Americold Realty Trust v. Conagra Foods, Inc., No. 14-1382 (U.S. Mar. 7, 2016).
If their amount in controversy is above $75,000, citizens of different states may invoke the jurisdiction of the federal courts to decide their dispute. But how do you determine the citizenship of a real estate investment trust (an “REIT”), which since the early 1990s has become an increasingly important form of business organization in the United States? That’s the question the Supreme Court answers here.
The Supreme Court has consistently said that unincorporated associations possess the citizenship of all of their “members.” And it has held that the members of a for-profit association (a partnership, for example) are those who have an ownership in the association. REITs formed under the law of Maryland—which has become the Delaware of REITs—have shareholders with ownership interests in the trust. Those shareholders would thus seem to be the “members” that determine the REIT’s citizenship.

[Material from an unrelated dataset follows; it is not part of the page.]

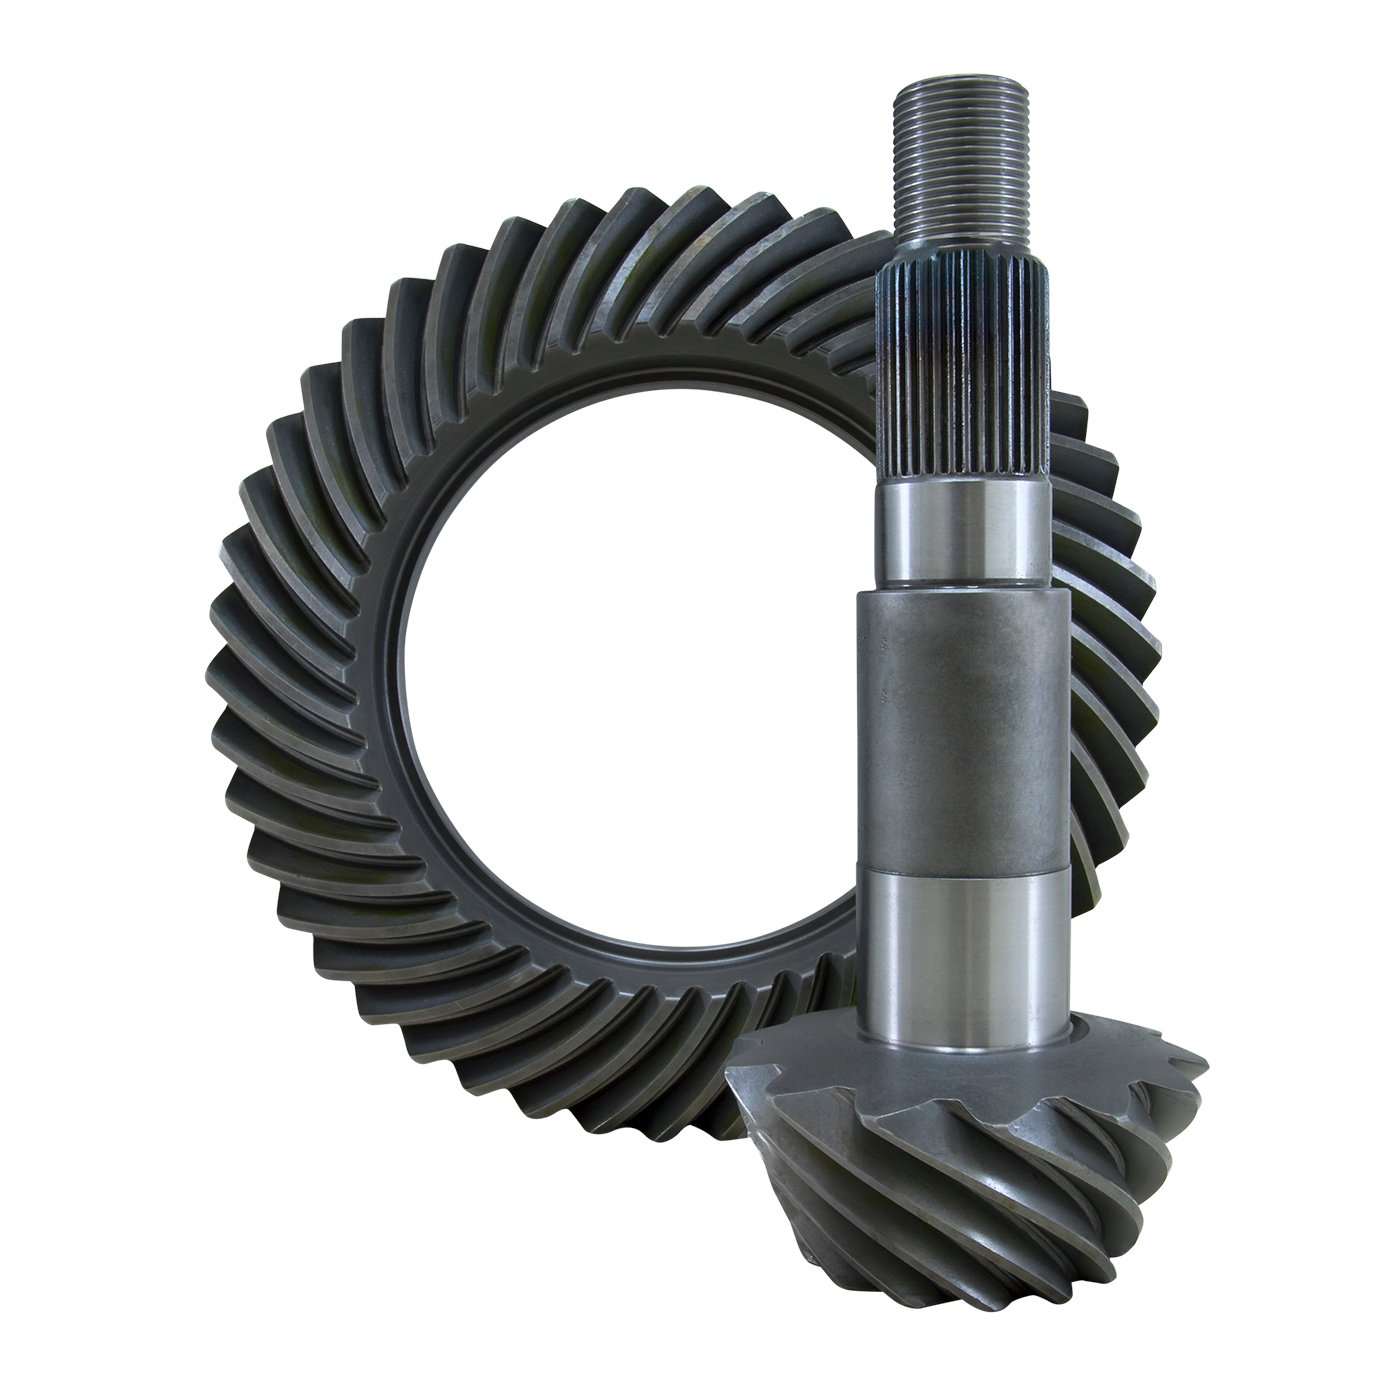 USA Standard ZG D80-513 Replacement Ring & Pinion Gear Set, For Dana 80, 5.13 Ratio

On the other hand, when a trustee sues on behalf of a trust, the federal courts say that jurisdiction is determined by the trustee’s citizenship. So you might think that a similar rule applies to an REIT, which, after all, bears the name “trust.” As a unanimous Supreme Court points out, however, a common-law trust wasn’t traditionally treated as a separate legal entity—which means that courts had to look to the trustee’s citizenship. An REIT, by contrast, is a separate legal entity that can sue or be sued on its own behalf.
Hence, the normal rule for unincorporated associations applies to an REIT: Its citizenship is that of all of its members, which is to say, all of its shareholders. If Congress believes with some justice that an REIT resembles a corporation more than anything else, it may provide by legislation that federal courts must treat REITs as if they were corporations.